[Opening Input data section]
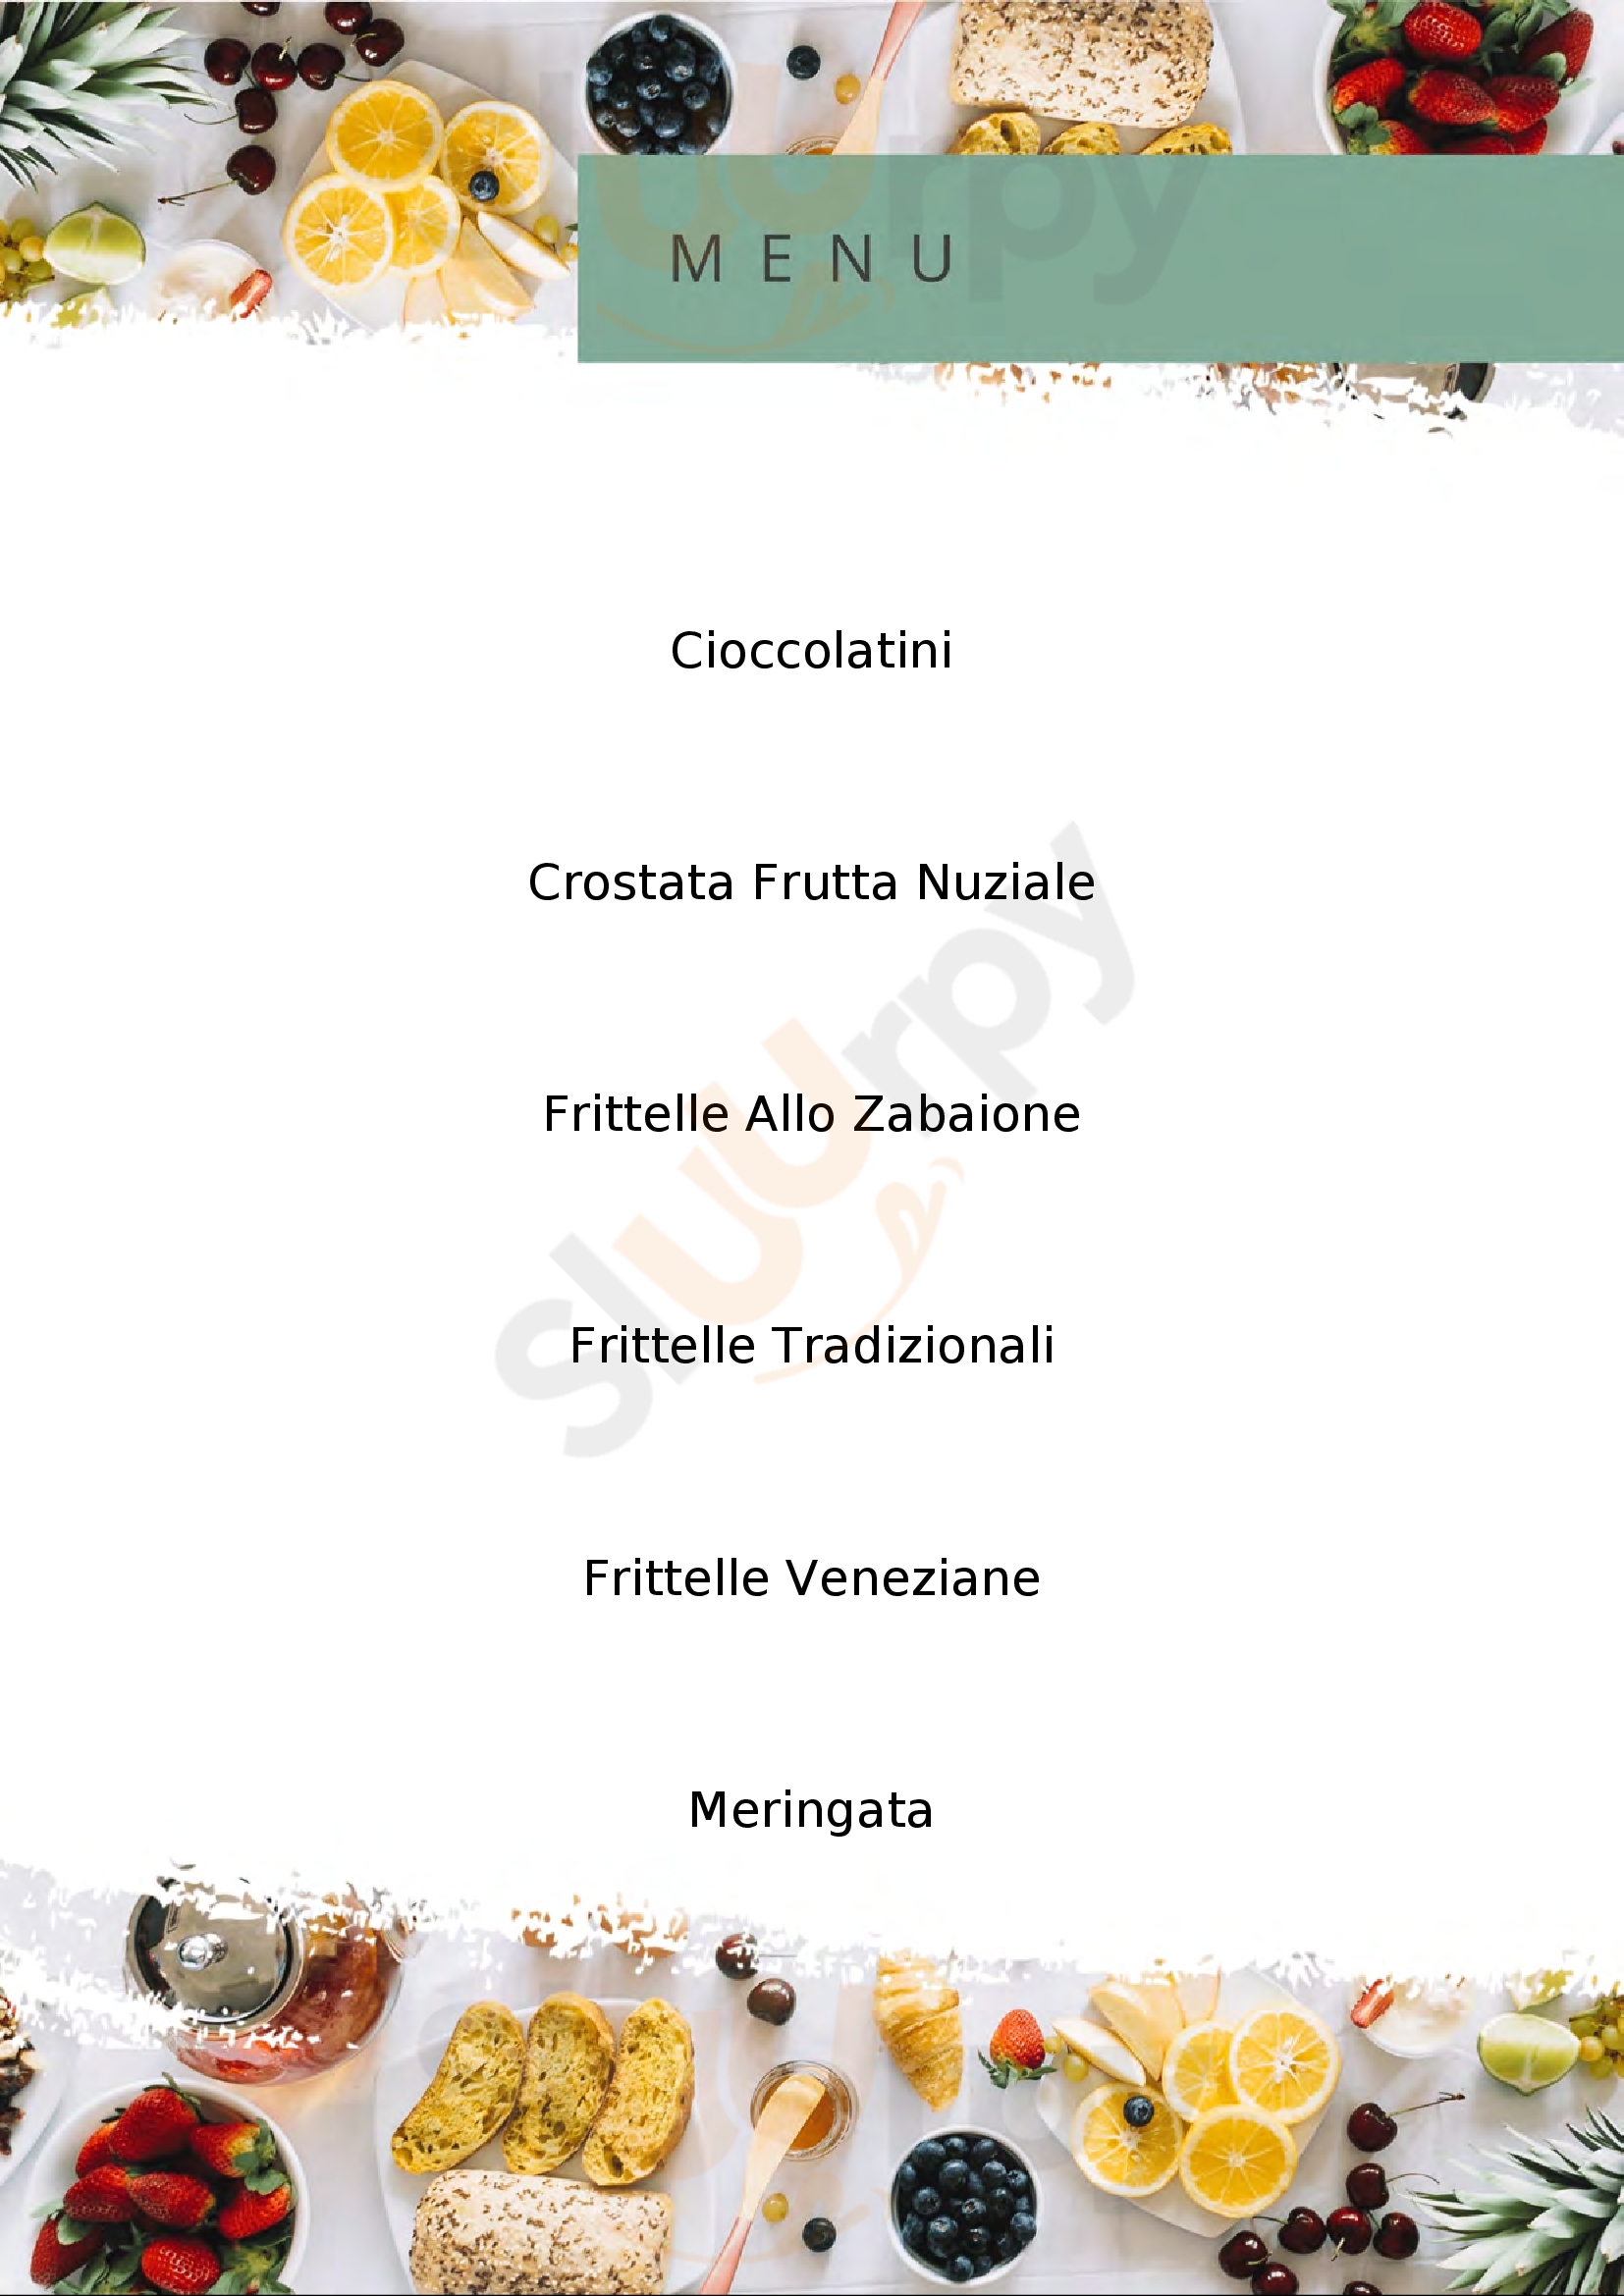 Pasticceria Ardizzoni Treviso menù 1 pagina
[Closing Input data section]
[Opening Input data section]
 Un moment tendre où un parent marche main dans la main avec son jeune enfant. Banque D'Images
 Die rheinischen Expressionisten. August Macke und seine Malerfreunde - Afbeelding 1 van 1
[Closing Input data section]
Your assignment
Within the listing above, extract exactly the lines from the line with "Un moment tendre" to the line with "Die rheinischen Expressionisten.", the two named lines included, and no others.

Exercise result
 Un moment tendre où un parent marche main dans la main avec son jeune enfant. Banque D'Images
 Die rheinischen Expressionisten. August Macke und seine Malerfreunde - Afbeelding 1 van 1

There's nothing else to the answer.